-- Task to complete --
From the line with "Pastel wedding at the Kenwood Country Club" to the line with "AMOFY Pet Mats, 43X26, Exceptionally", retype each line exactly as it stands in the records below, but skip the pictures.

-- Material for this exercise --
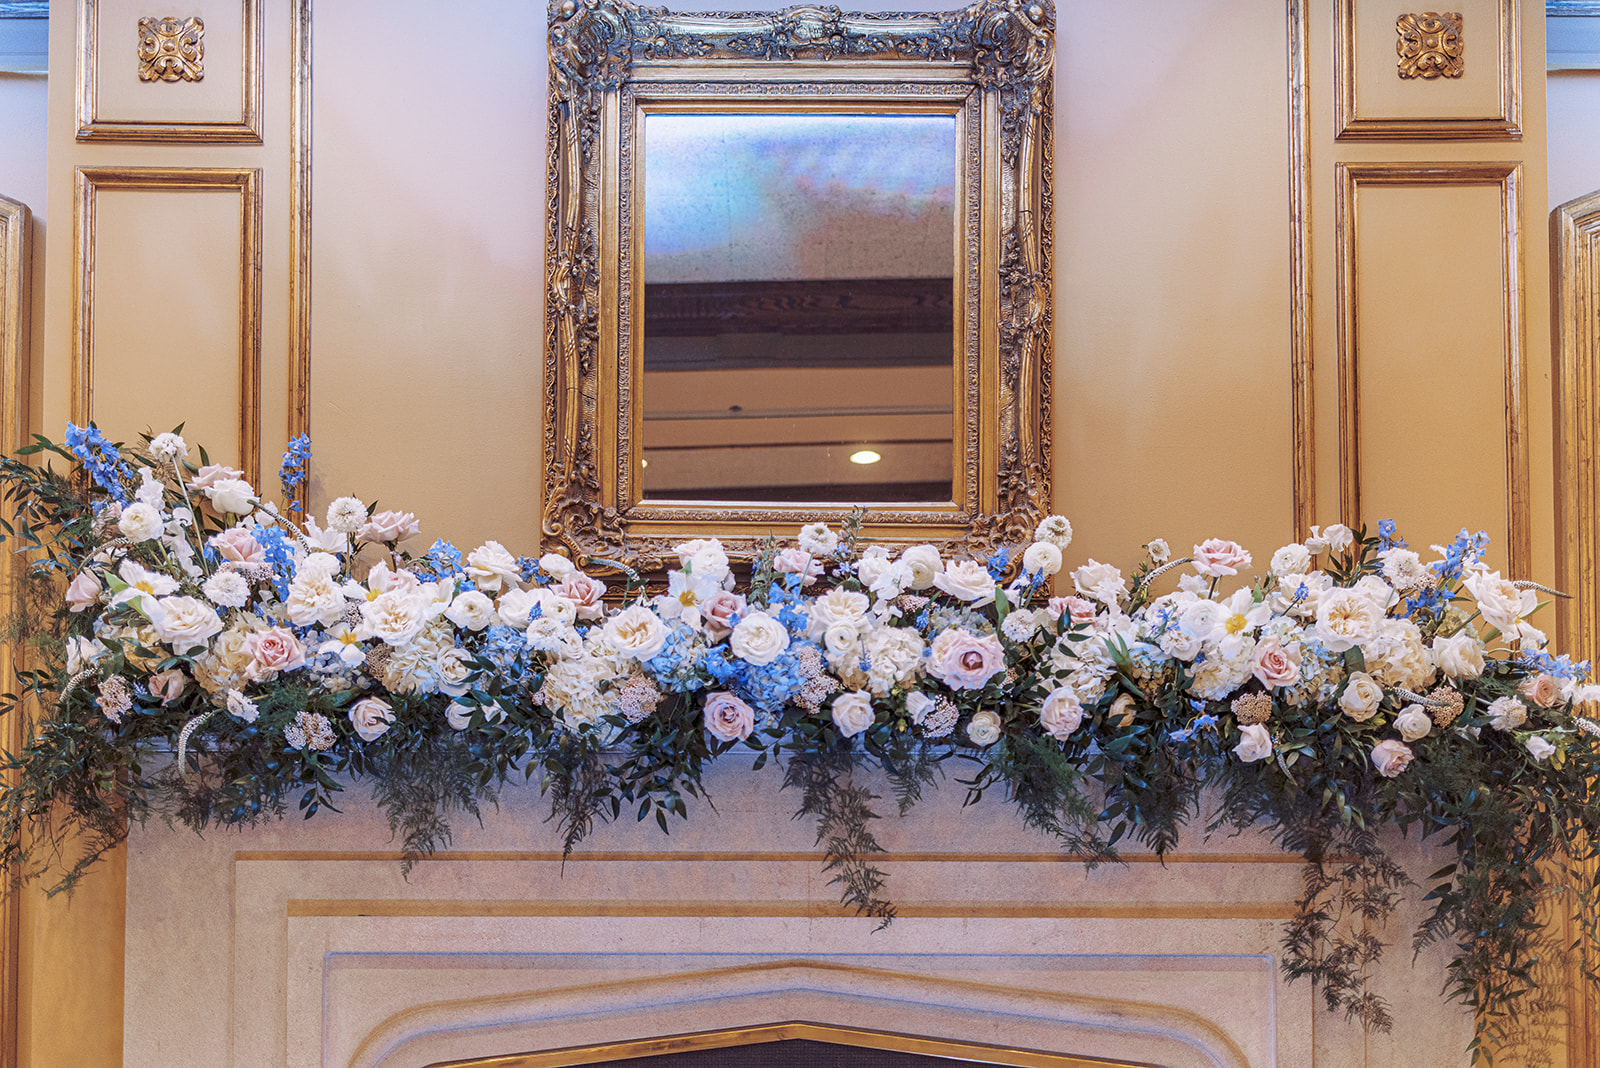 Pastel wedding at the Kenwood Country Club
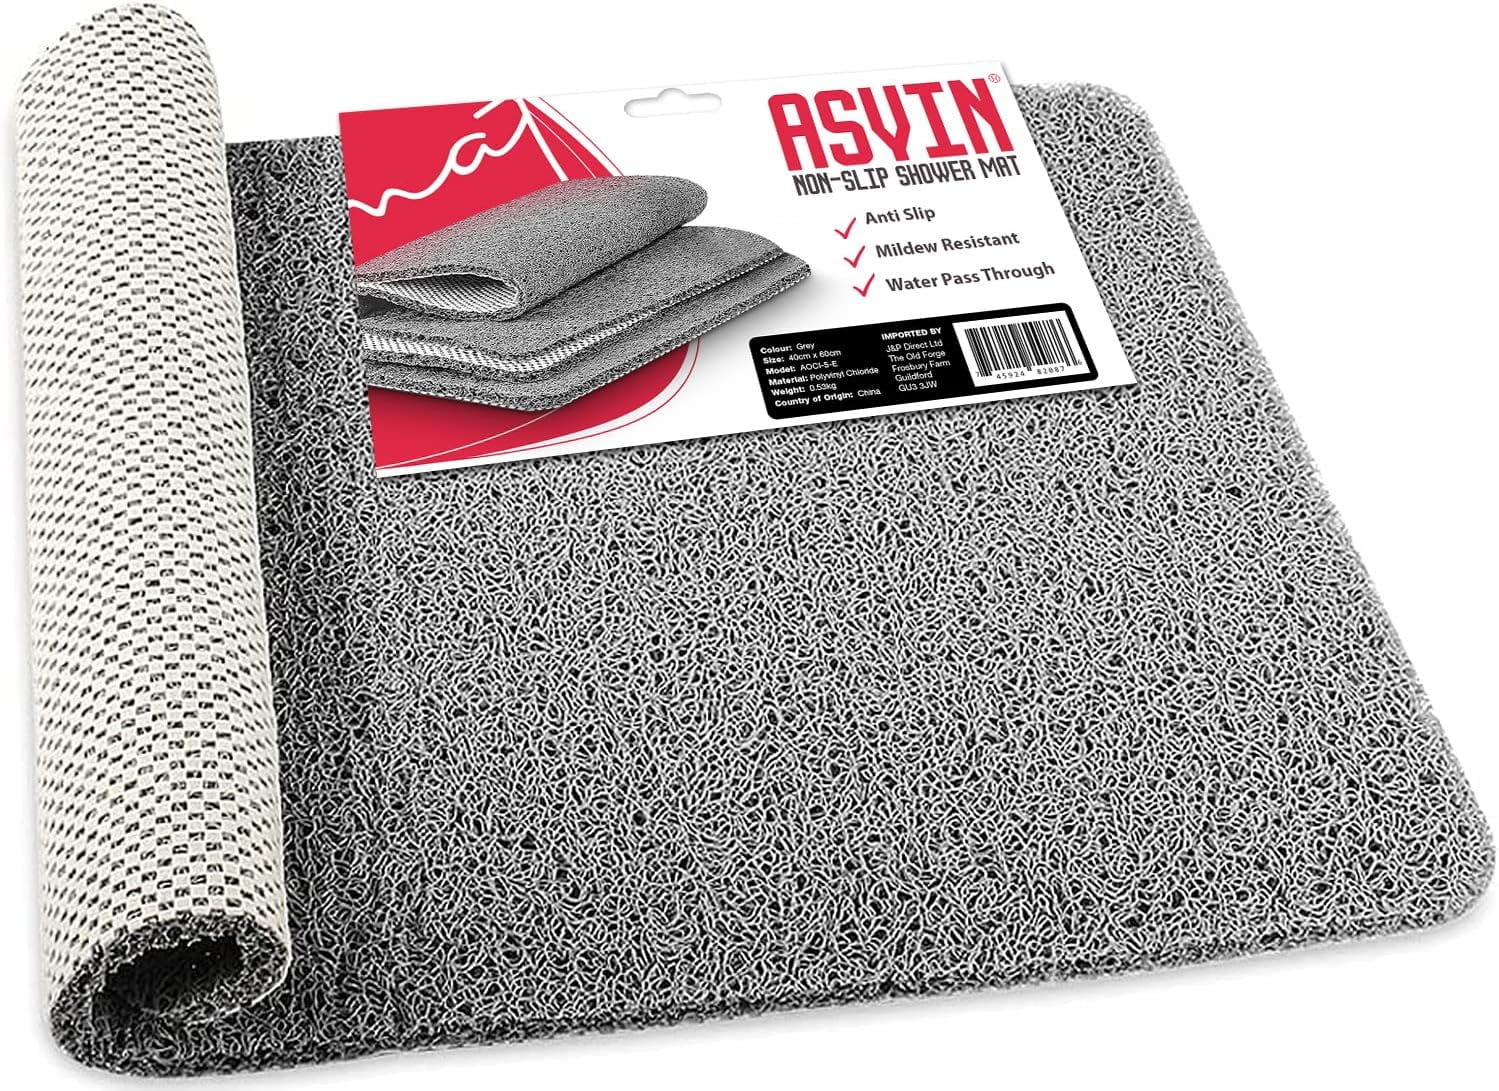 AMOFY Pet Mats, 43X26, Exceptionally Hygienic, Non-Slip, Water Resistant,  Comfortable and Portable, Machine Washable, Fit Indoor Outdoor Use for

* * *

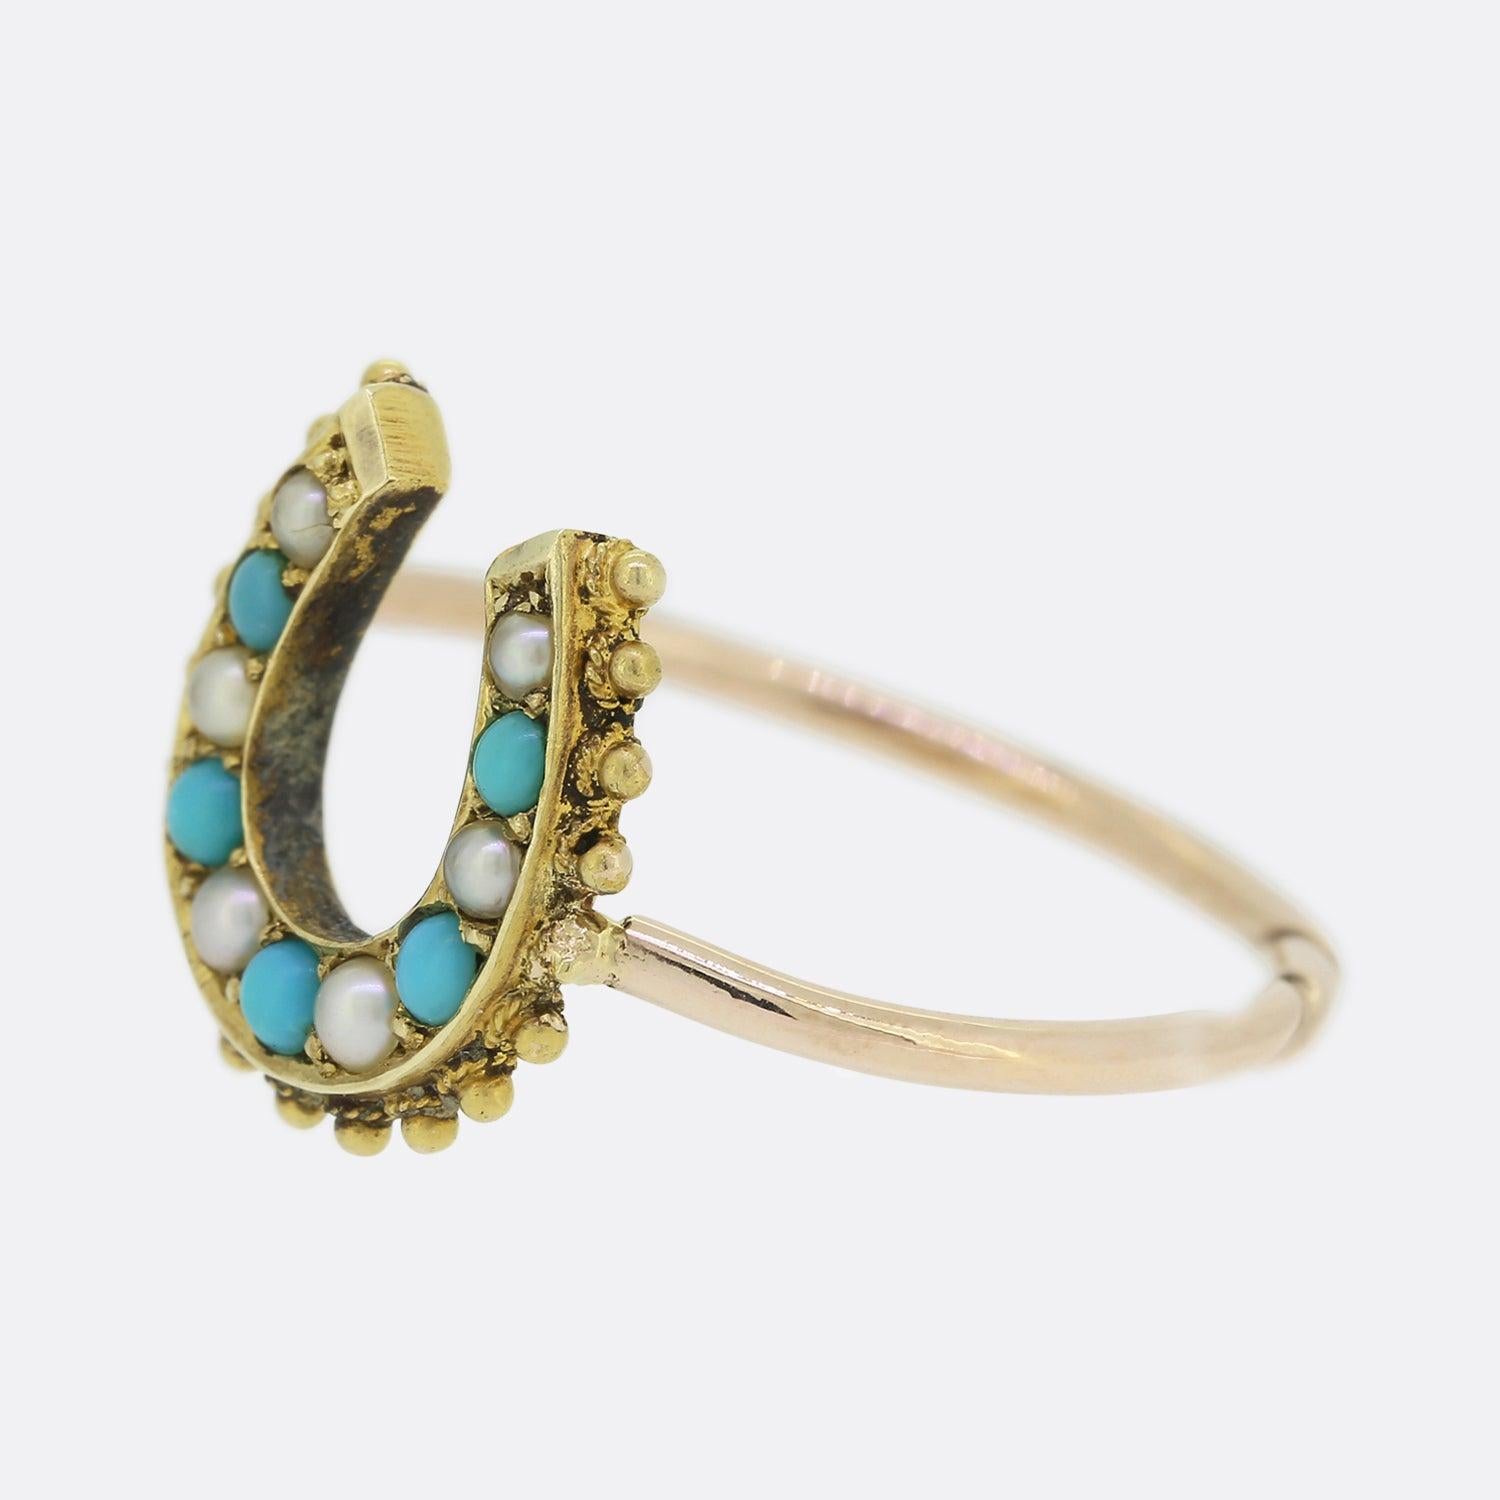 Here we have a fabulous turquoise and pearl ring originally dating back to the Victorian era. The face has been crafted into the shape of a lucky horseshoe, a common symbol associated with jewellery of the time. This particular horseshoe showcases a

--

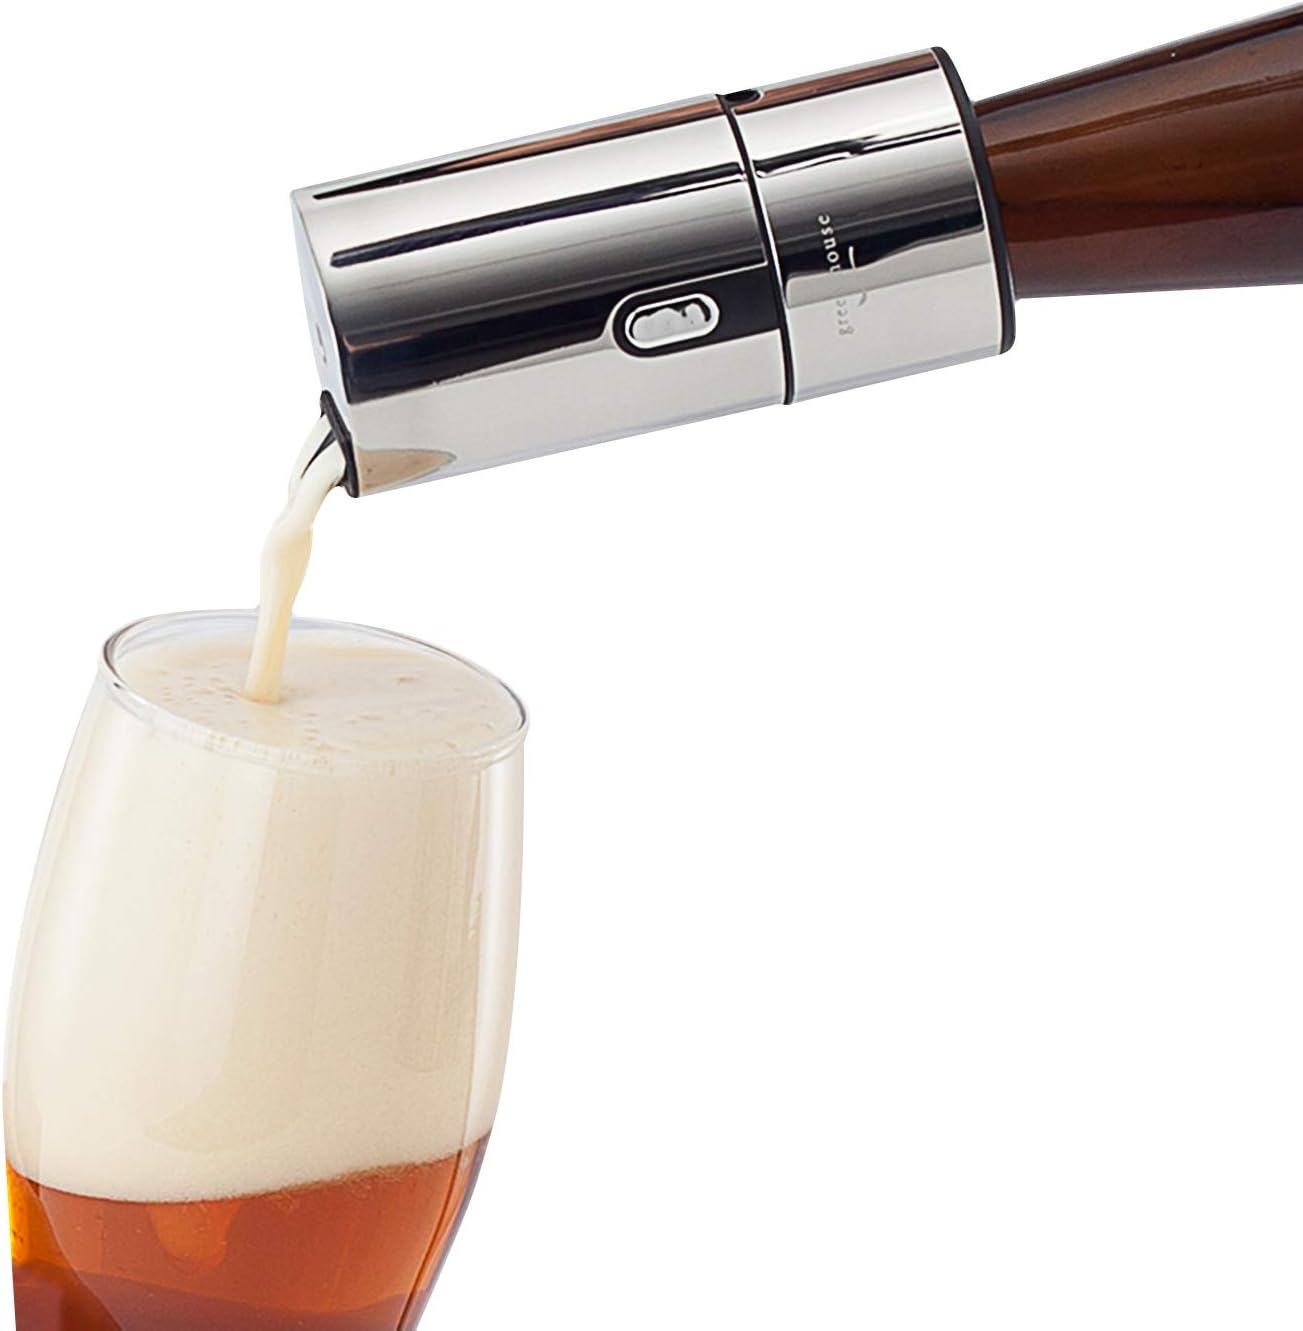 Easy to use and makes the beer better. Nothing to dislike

-- Exercise response --
 Pastel wedding at the Kenwood Country Club
 AMOFY Pet Mats, 43X26, Exceptionally Hygienic, Non-Slip, Water Resistant,  Comfortable and Portable, Machine Washable, Fit Indoor Outdoor Use for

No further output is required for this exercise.